There is a myth that there is a temple with three large towers. On the first tower are 64 golden rings where each one is smaller than the one under it. Monks at the temple are trying to move all of the rings from the first tower to the third tower.

However they must obey the rule that no ring can be placed on a ring that is smaller than it. To move the rings, they must use the third tower as a place holder to move the rings over while obeying the rule.

The myth states that when the monks are finished, and have moved all 64 rings to the third tower, the world will end.

We want to write a program that will figure out how to move all of the rings over, one by one.

Thinking of this recursively, to move any disc from the left tower to the right tower, we would first have to move all of the discs above it to the middle, then put the disc we want on the right, and then put all of the discs on the middle tower back on top at the right.

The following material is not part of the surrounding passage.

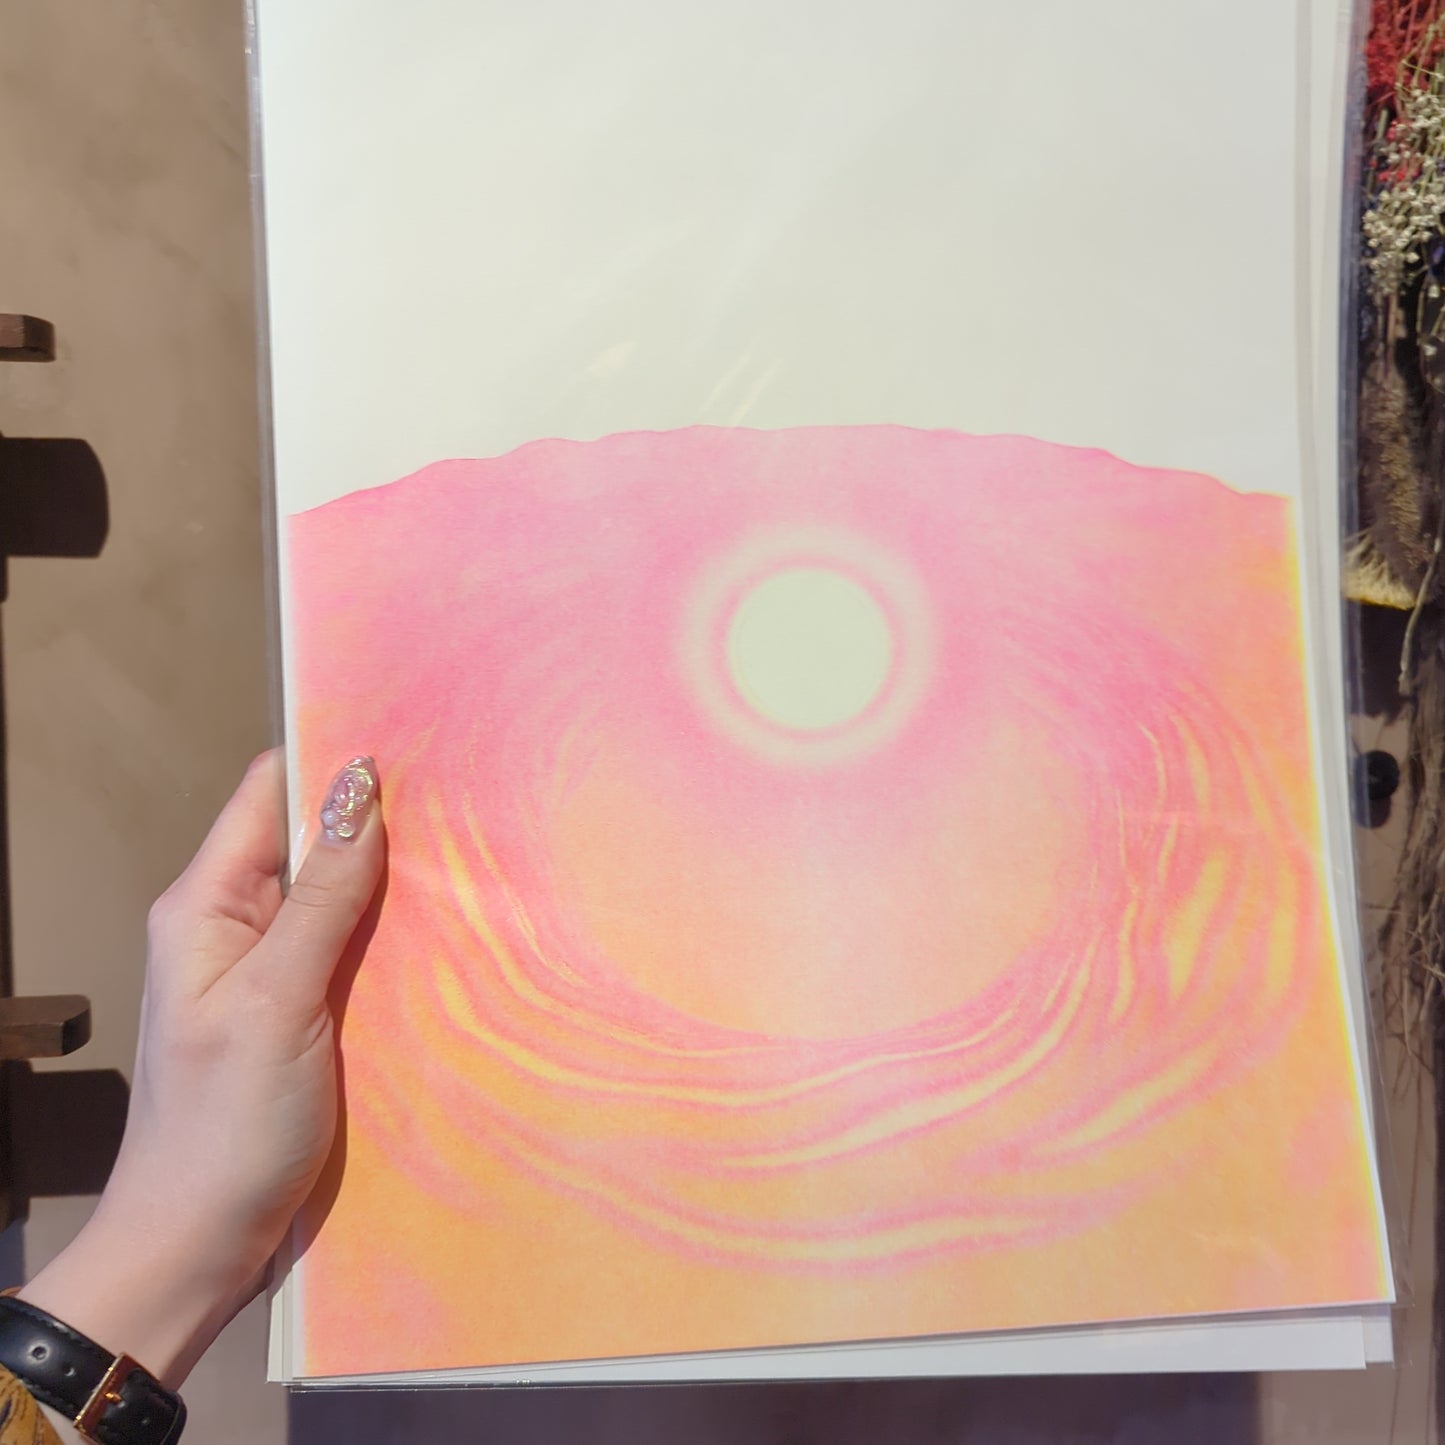 "Black Hole" Print by Abstract Art Student

This is recursive because in defining how to move a disc, we say that we have to move other discs. This idea can be used to come up with a recursive algorithm like so:


To move a disc from left to right, using middle:
First move all discs above us to the middle, using right.
Then move this disc from the left to the right.
Lastly move all discs from the middle to the right using left.


This program demonstrates this technique to solve the Towers of Hanoi: Towers.java.

This method calls itself twice each time through. This means the total number of steps needed doubles for each additional ring that we add. The number of moves is given in the following table:

 Rings Steps 1 1 2 3 3 7 4 15 5 31 6 63 7 127 8 255 9 511 10 1023 ... ... 64 18446744073709551615

The number of steps is defined by the following formula:

$steps(rings) = 2^{rings} - 1$

This means that this algorithm is $O(2^n)$. This is called an exponential algorithm, and is completely impractical for large input sizes.

For doing a small number of discs, this doesn't take too terribly long. On my computer, given how long smaller numbers of discs take, it will take roughly 17 million years for the program to complete if we try all 64. Given that the monks are probably a lot slower than a computer, the world won't be ending any time soon :).